* EXERCISE INSTRUCTIONS
Leave out the pictures and output exactly the lines below from the one with "シラリカいくら(醤油味)【1kg(250g×4)】" down to the one with "Cartel de la", both of them included.

* RECORDED DATA
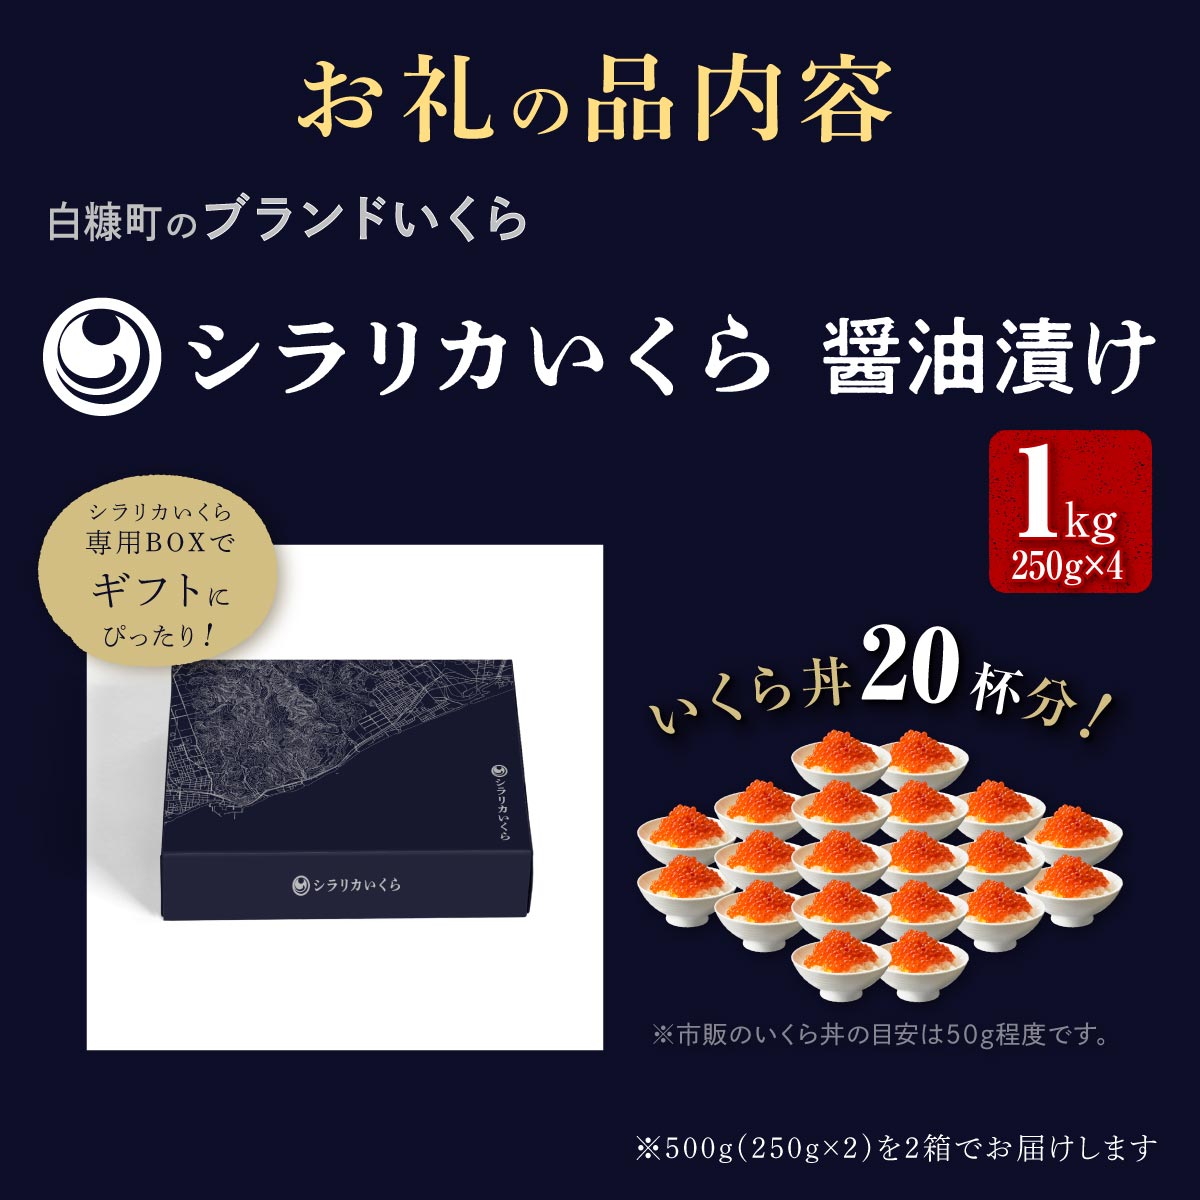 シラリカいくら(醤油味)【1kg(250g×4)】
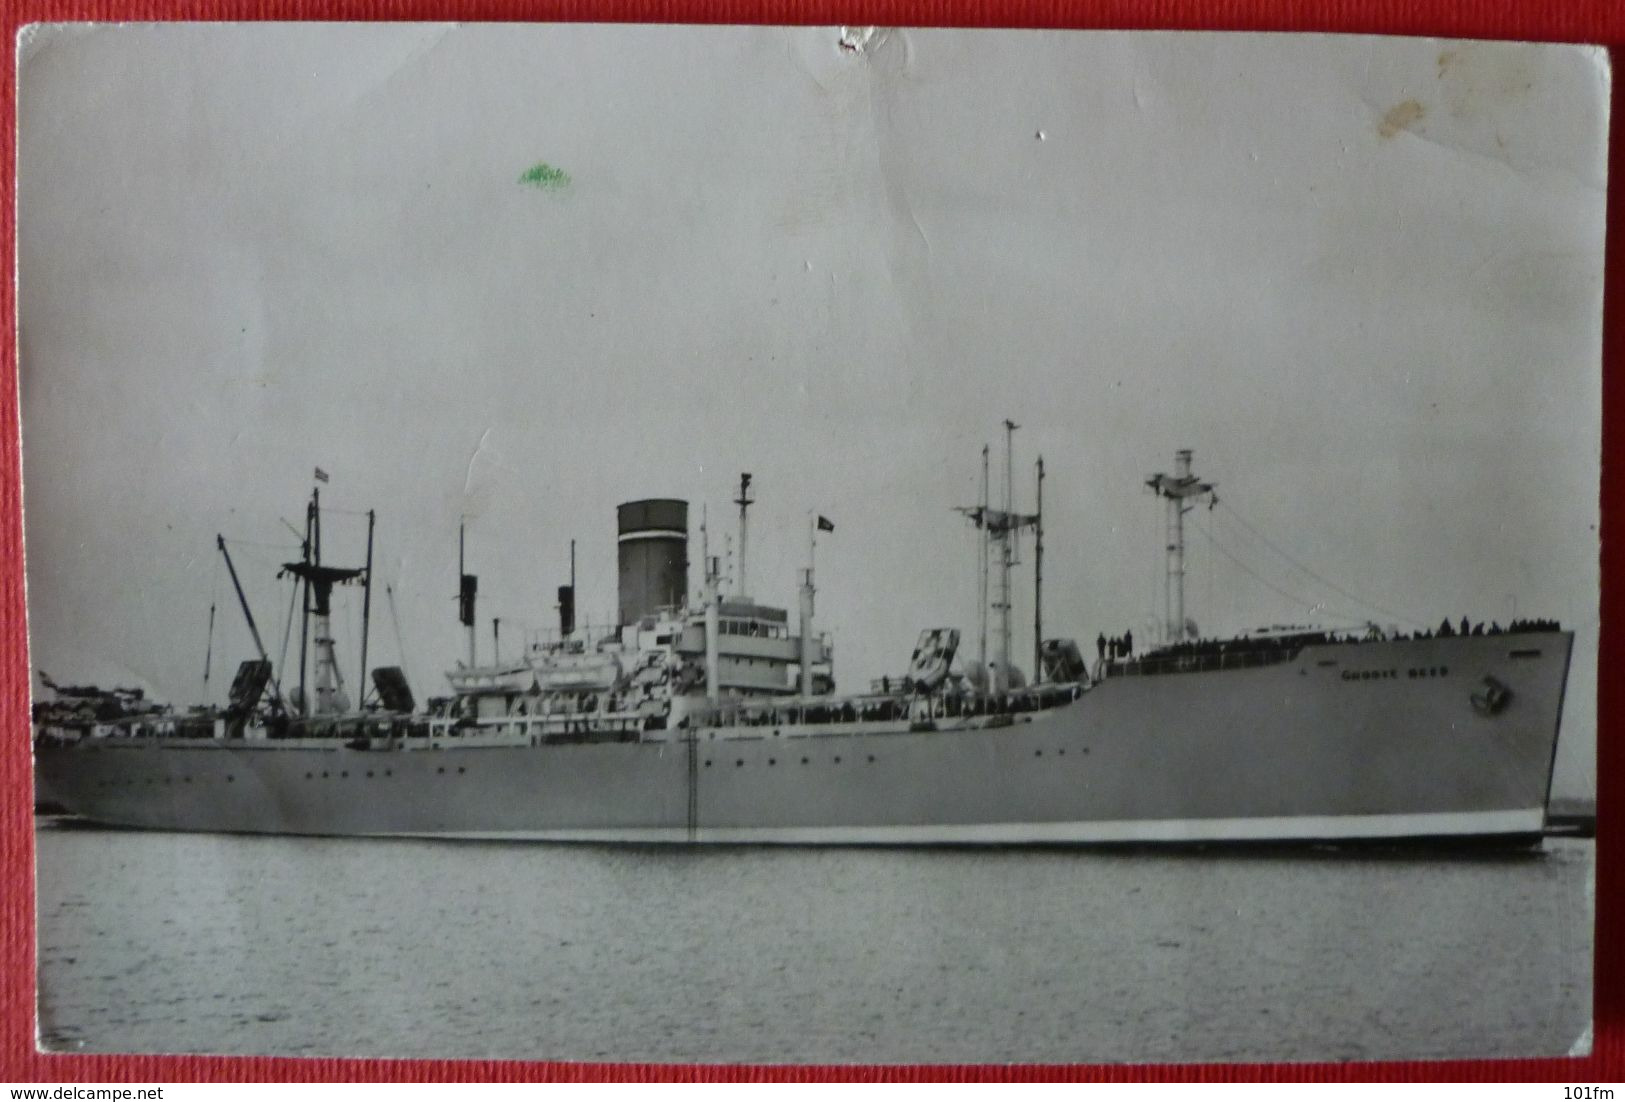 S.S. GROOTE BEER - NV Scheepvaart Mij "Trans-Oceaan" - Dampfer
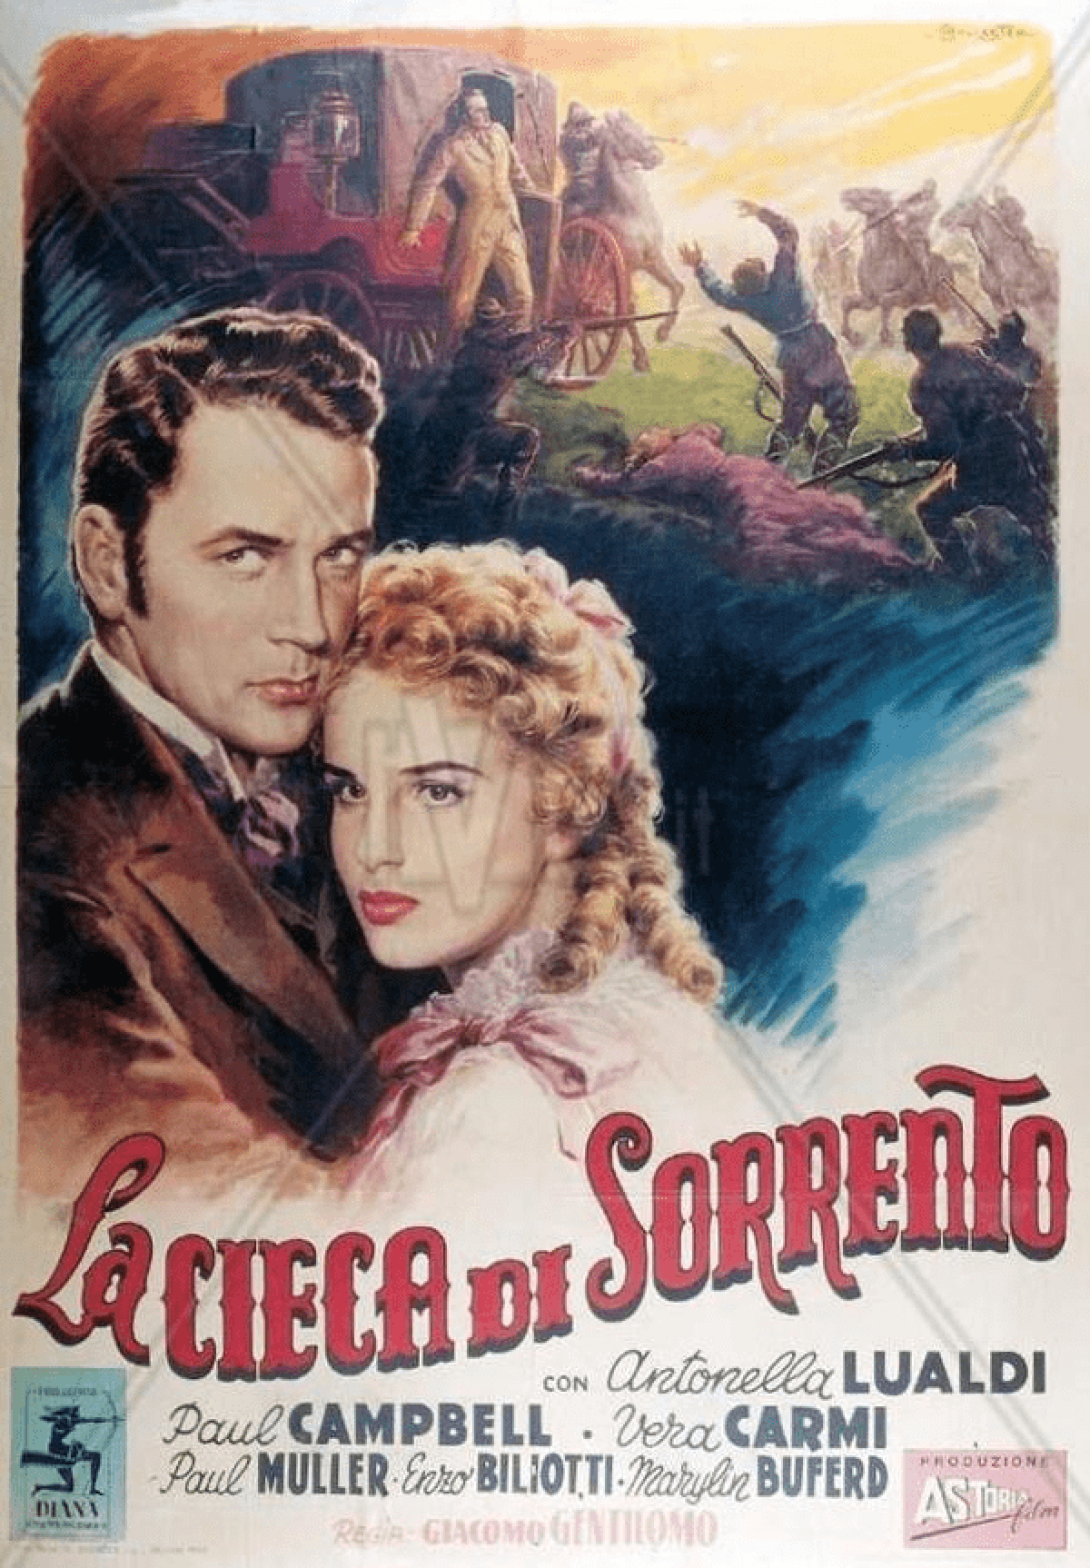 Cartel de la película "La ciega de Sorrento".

--

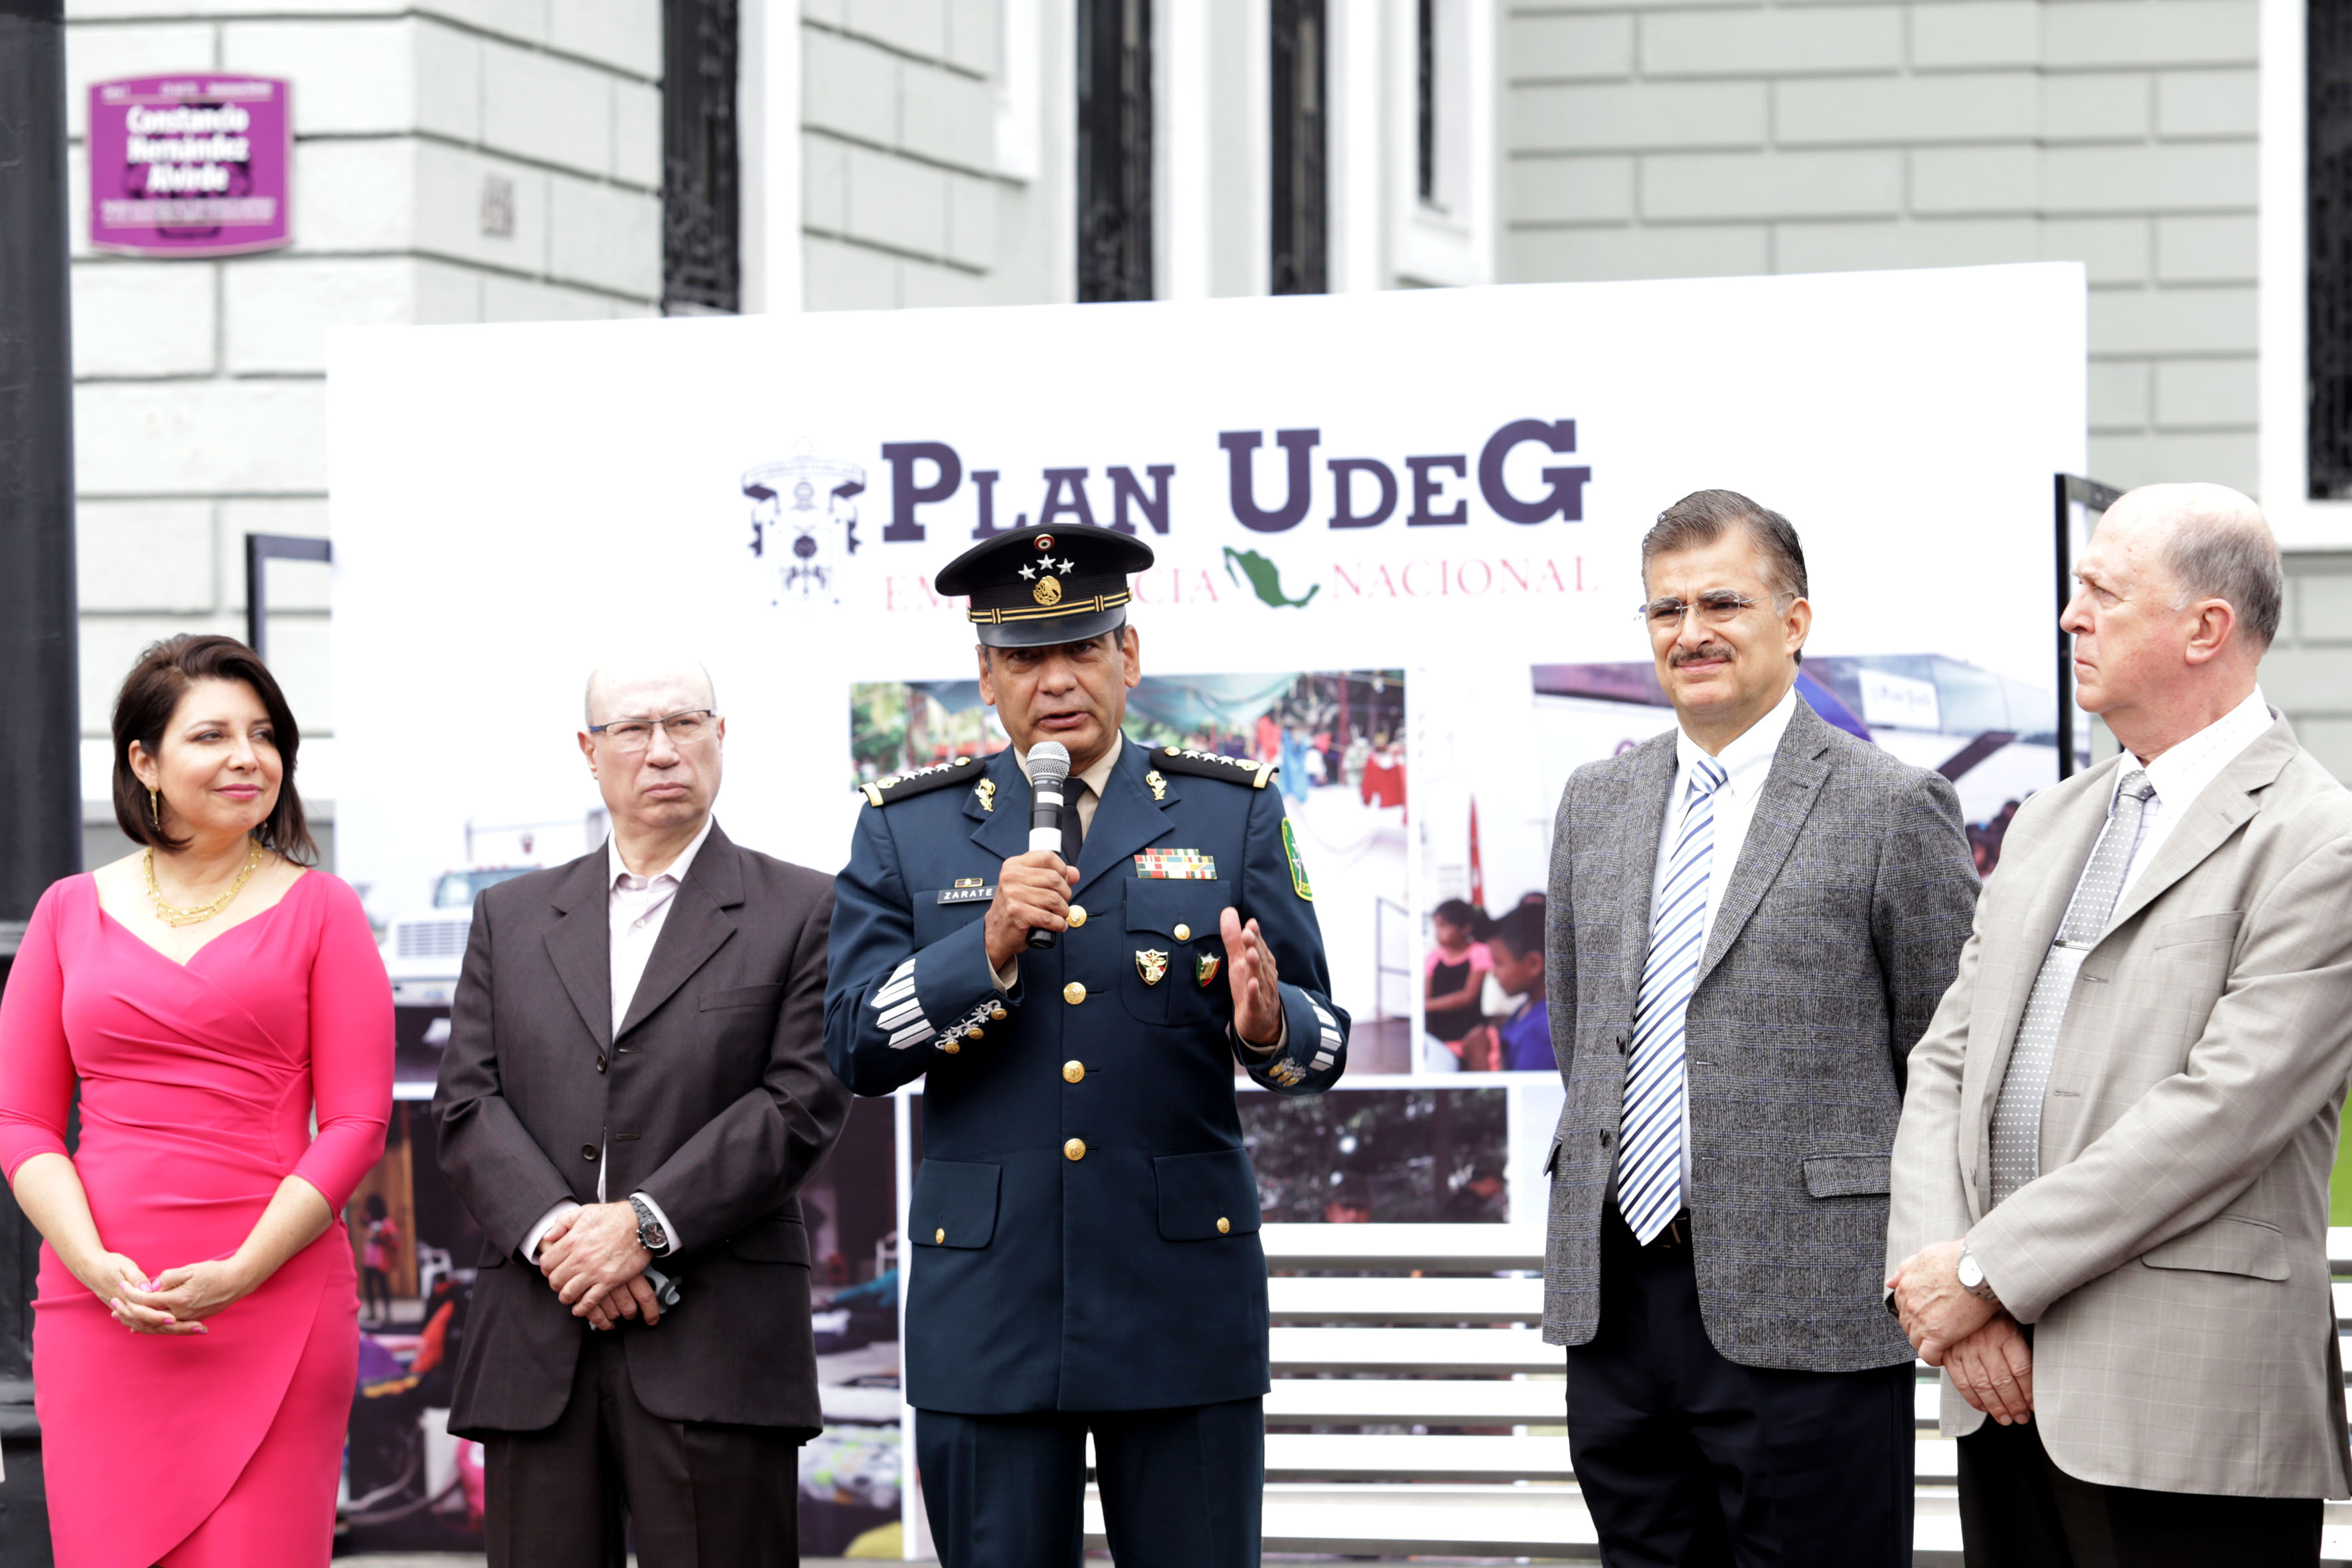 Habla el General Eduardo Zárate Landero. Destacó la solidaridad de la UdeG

* * *

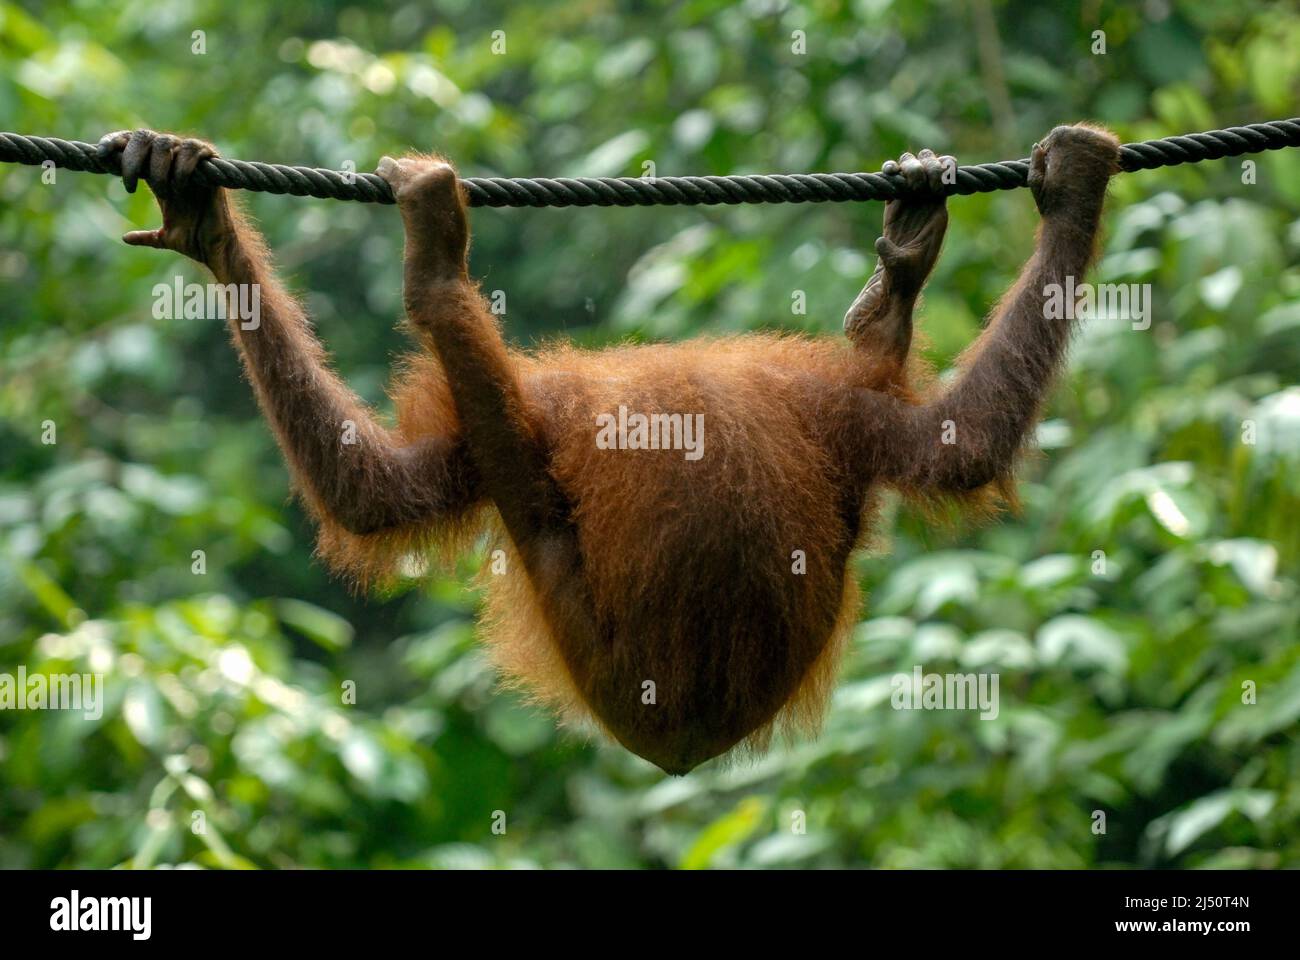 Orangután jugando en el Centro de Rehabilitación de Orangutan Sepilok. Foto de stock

* RESULT FOR THIS EXERCISE
 シラリカいくら(醤油味)【1kg(250g×4)】
 S.S. GROOTE BEER - NV Scheepvaart Mij "Trans-Oceaan" - Dampfer
 Cartel de la película "La ciega de Sorrento".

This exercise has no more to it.